• **DATA RECORDS**
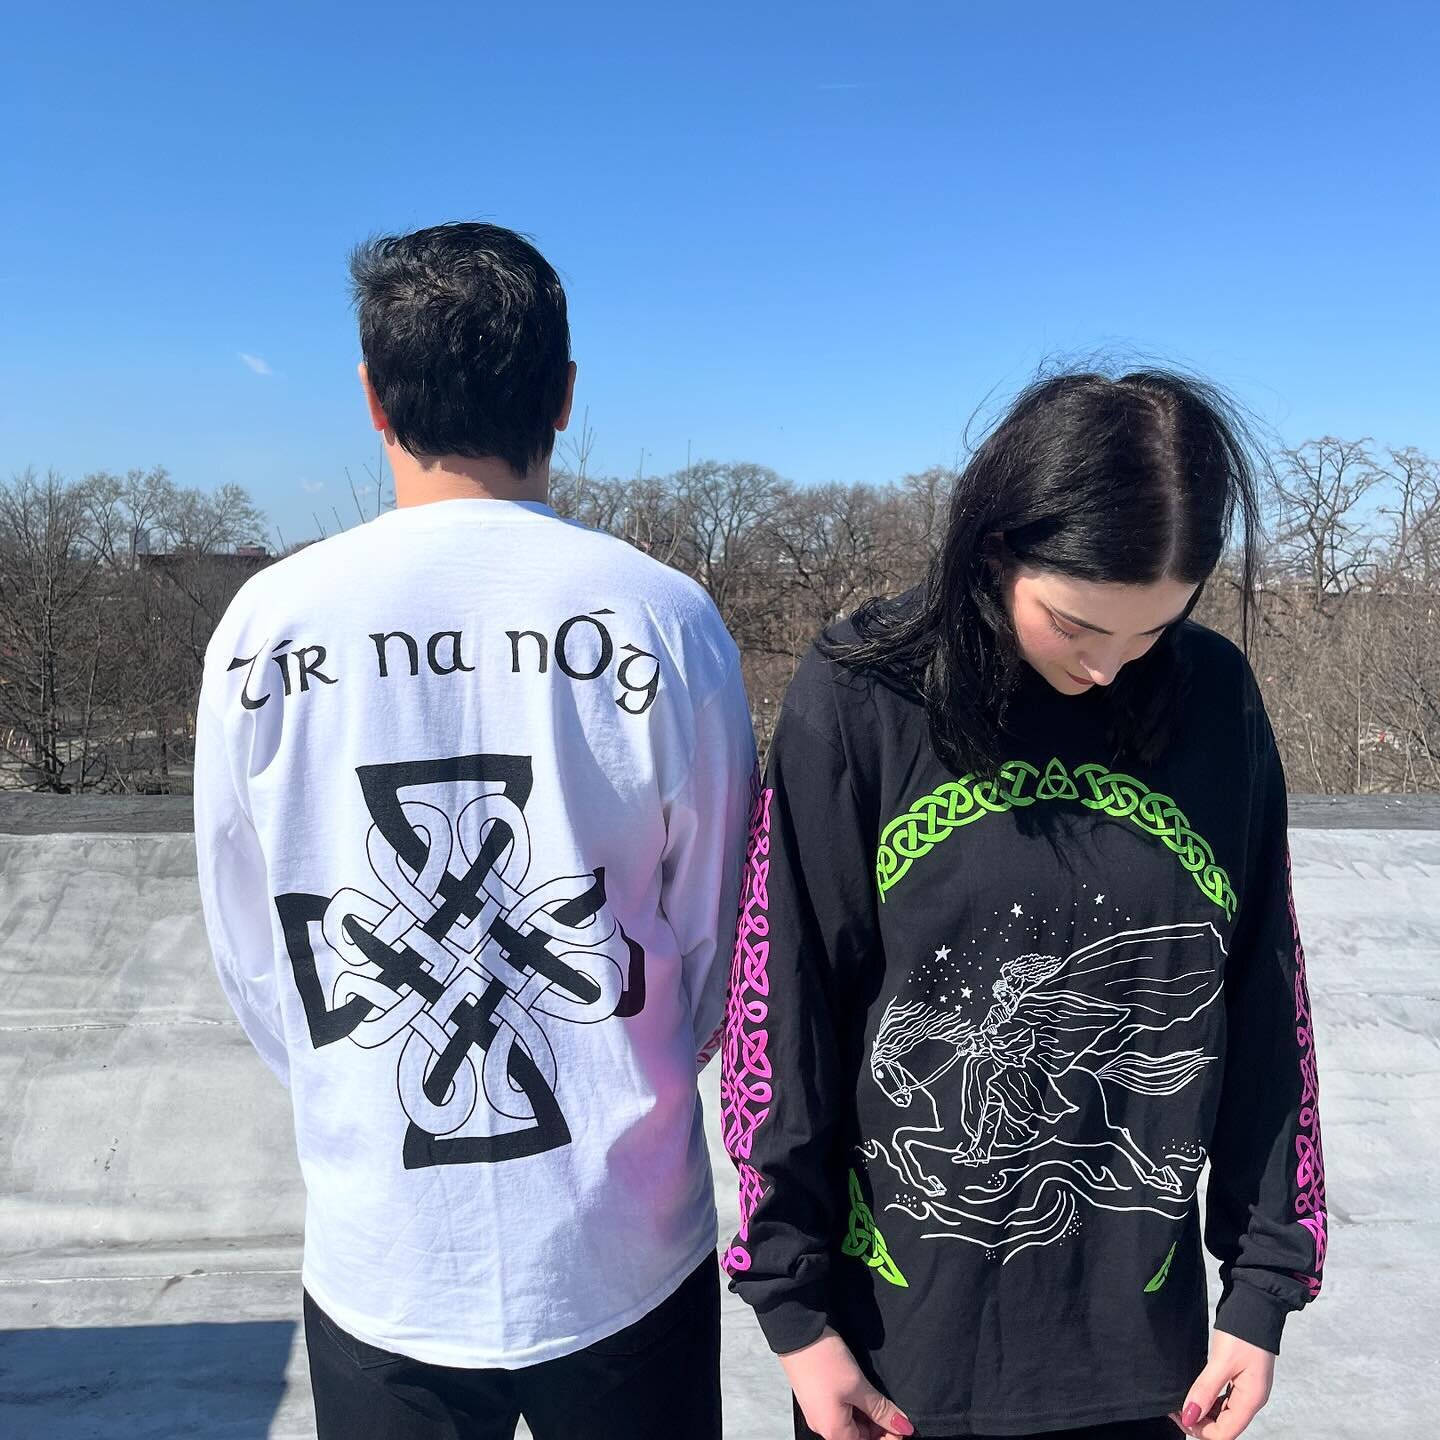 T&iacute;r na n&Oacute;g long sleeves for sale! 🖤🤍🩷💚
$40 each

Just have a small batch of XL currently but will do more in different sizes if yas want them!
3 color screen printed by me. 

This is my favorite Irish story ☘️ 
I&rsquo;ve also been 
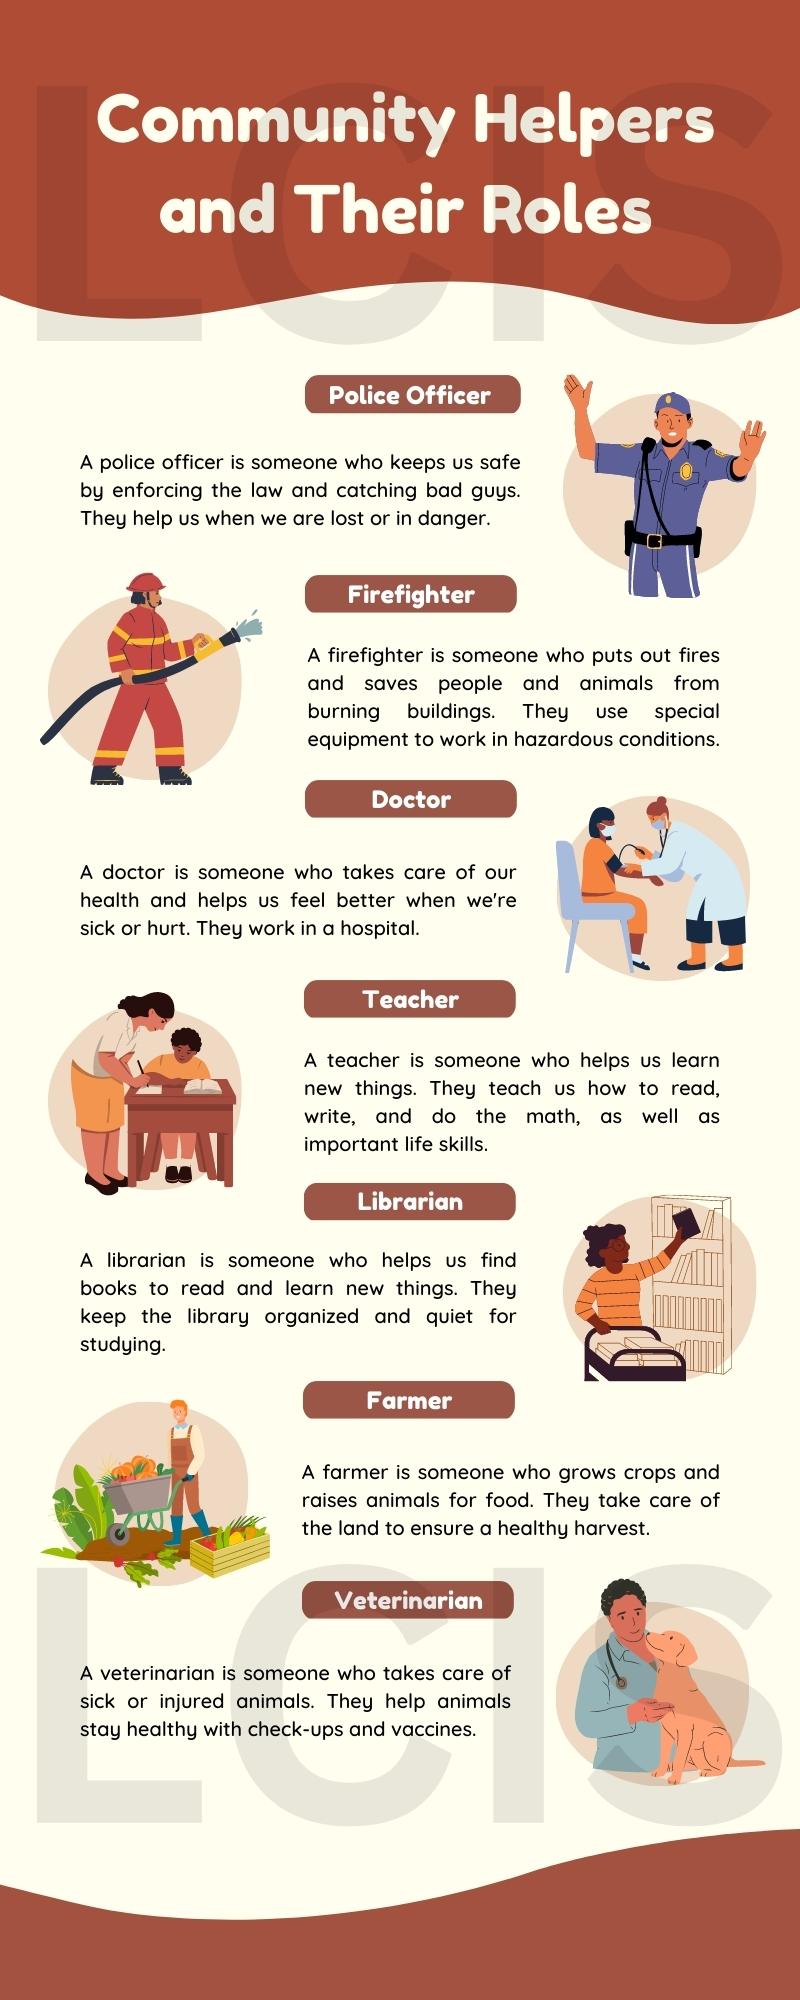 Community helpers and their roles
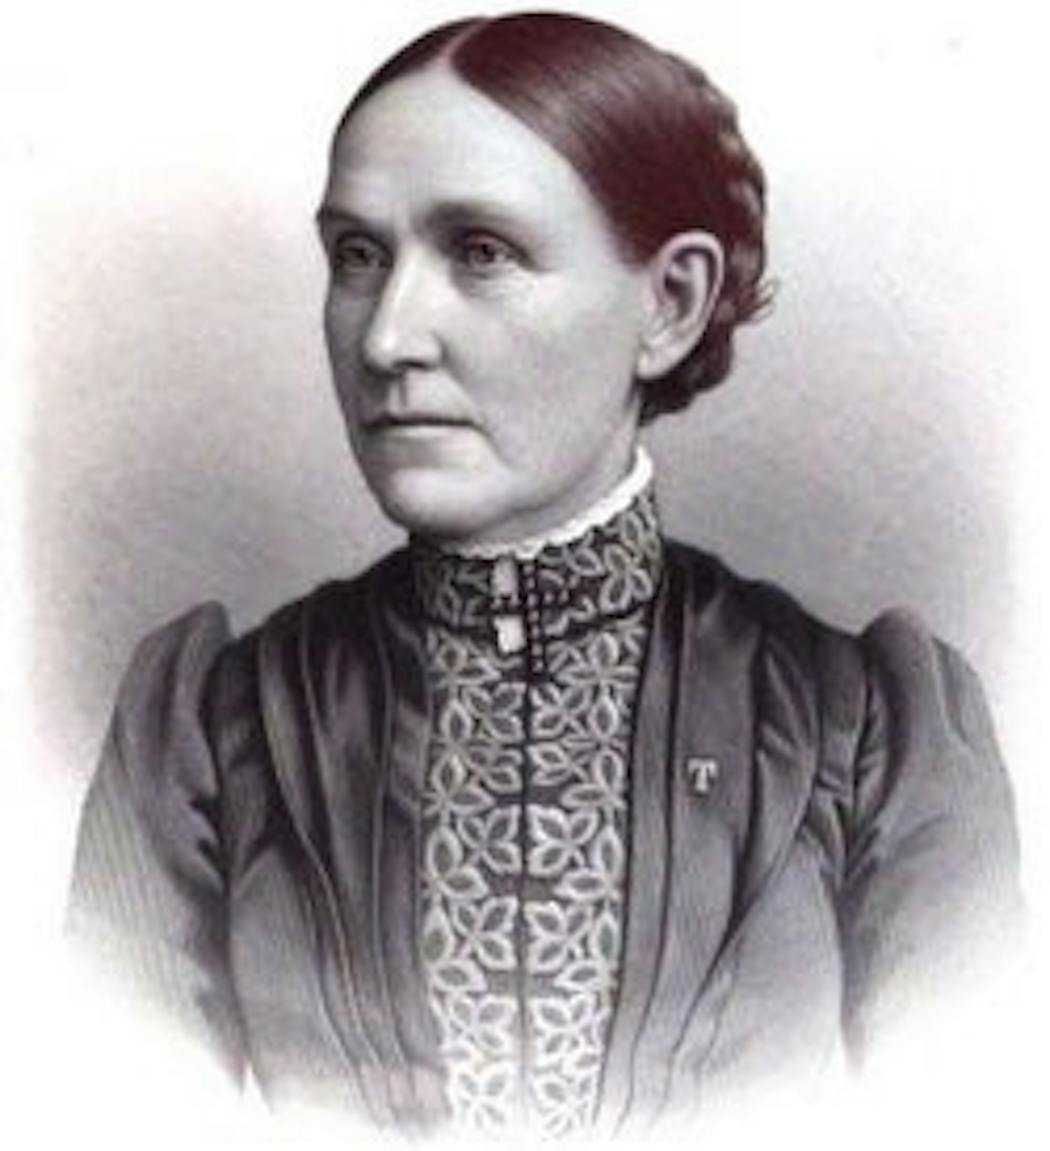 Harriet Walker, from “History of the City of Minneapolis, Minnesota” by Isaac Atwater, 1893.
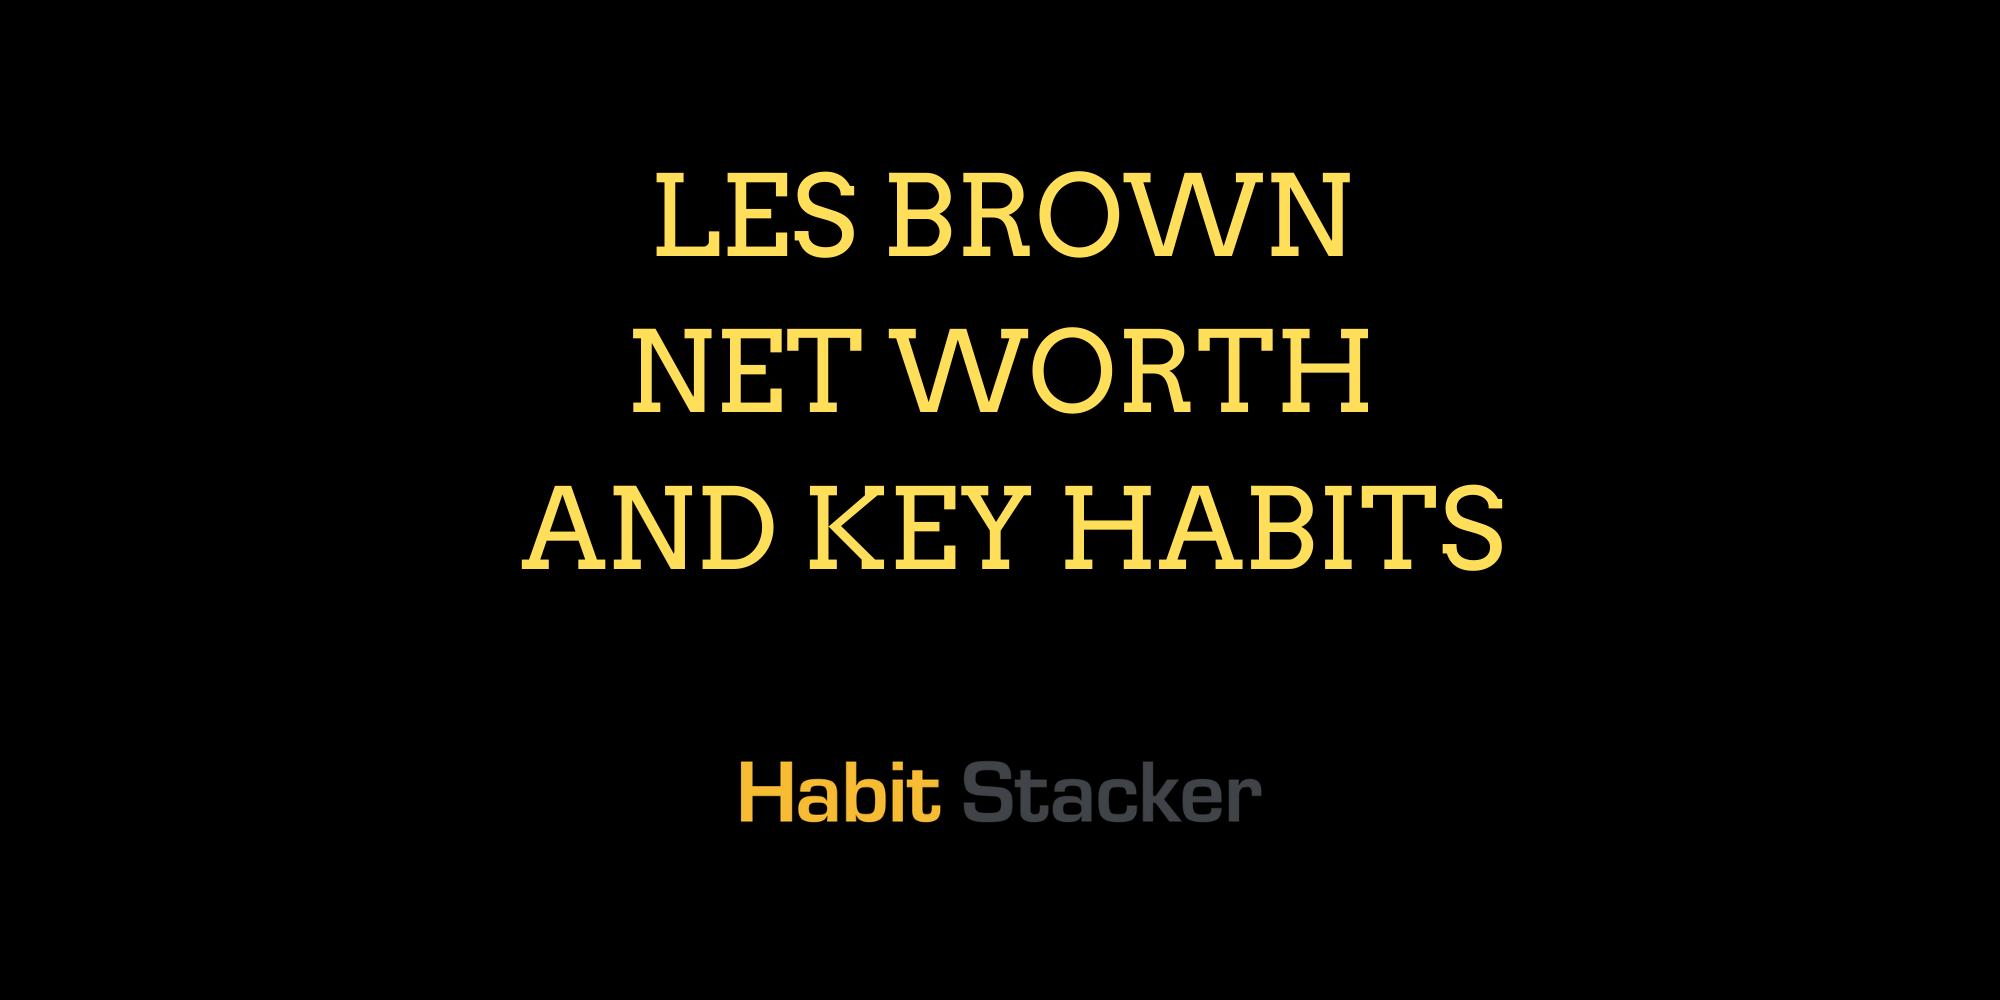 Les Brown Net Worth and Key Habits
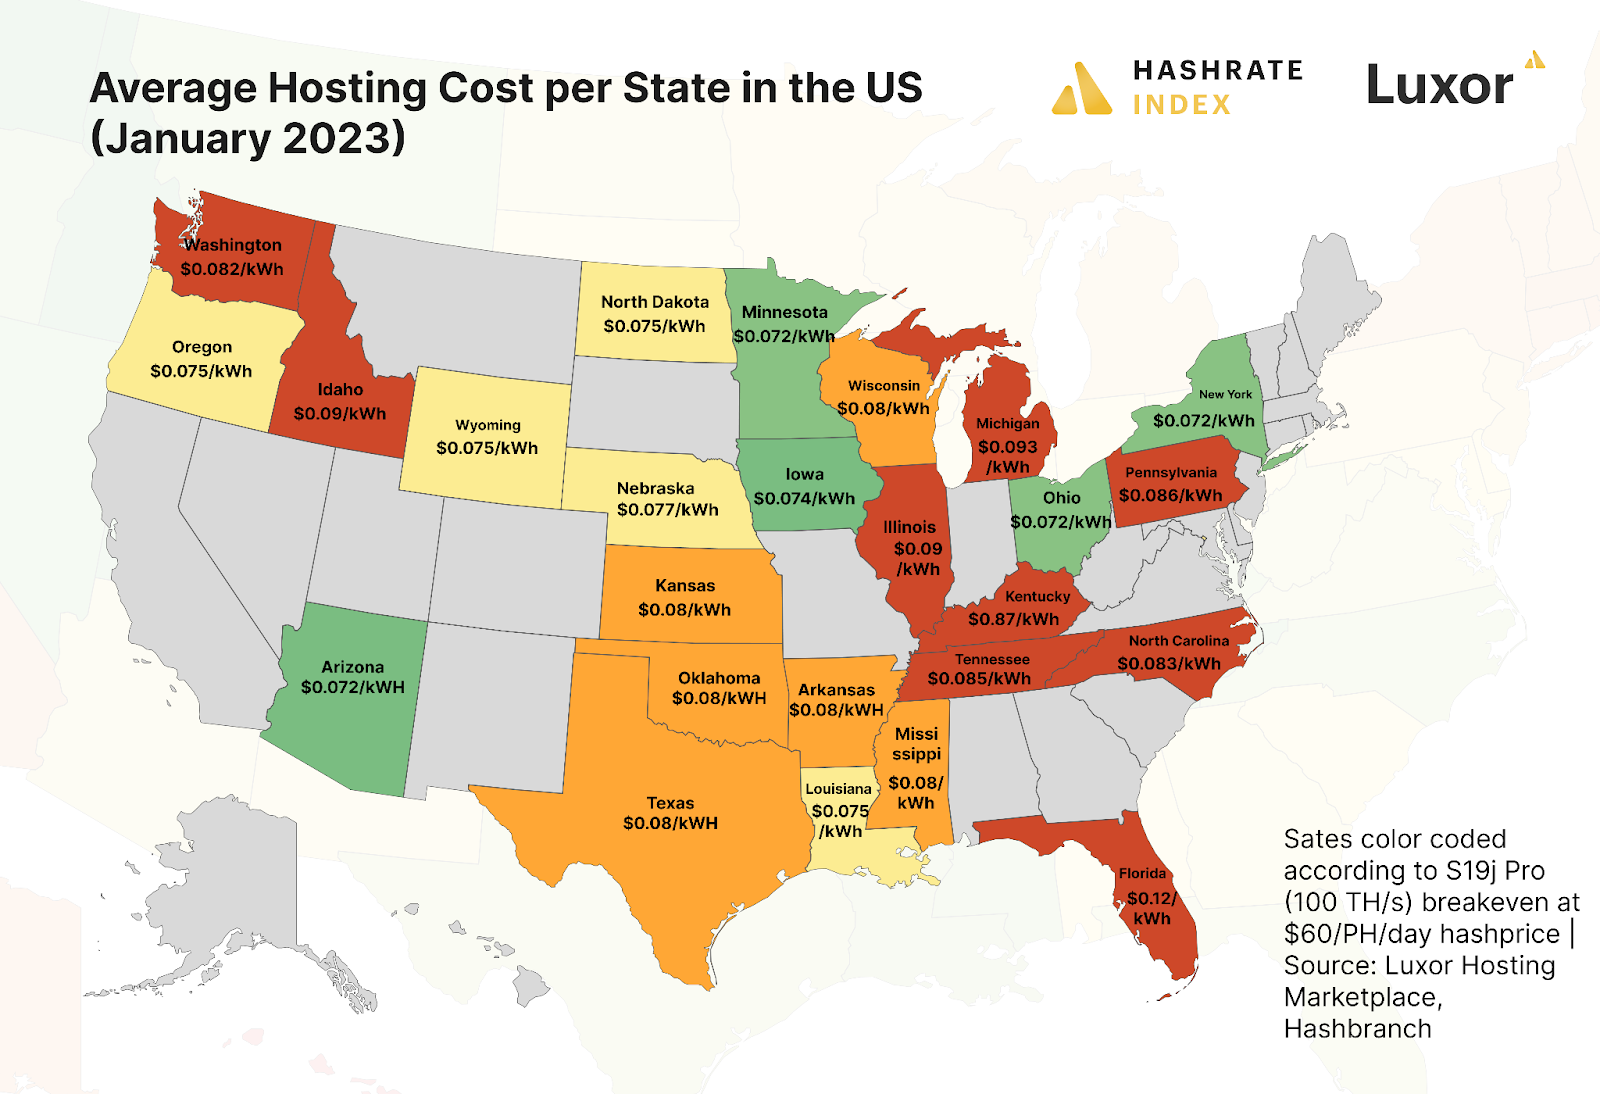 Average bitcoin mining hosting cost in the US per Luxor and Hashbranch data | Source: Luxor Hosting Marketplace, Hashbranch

• **EXERCISE GOAL**
What you return must match the entries above exactly, apart from the pictures, which are left out.

• **TASK ANSWER**
 T&iacute;r na n&Oacute;g long sleeves for sale! 🖤🤍🩷💚
$40 each

Just have a small batch of XL currently but will do more in different sizes if yas want them!
3 color screen printed by me. 

This is my favorite Irish story ☘️ 
I&rsquo;ve also been 
 Community helpers and their roles
 Harriet Walker, from “History of the City of Minneapolis, Minnesota” by Isaac Atwater, 1893.
 Les Brown Net Worth and Key Habits
 Average bitcoin mining hosting cost in the US per Luxor and Hashbranch data | Source: Luxor Hosting Marketplace, Hashbranch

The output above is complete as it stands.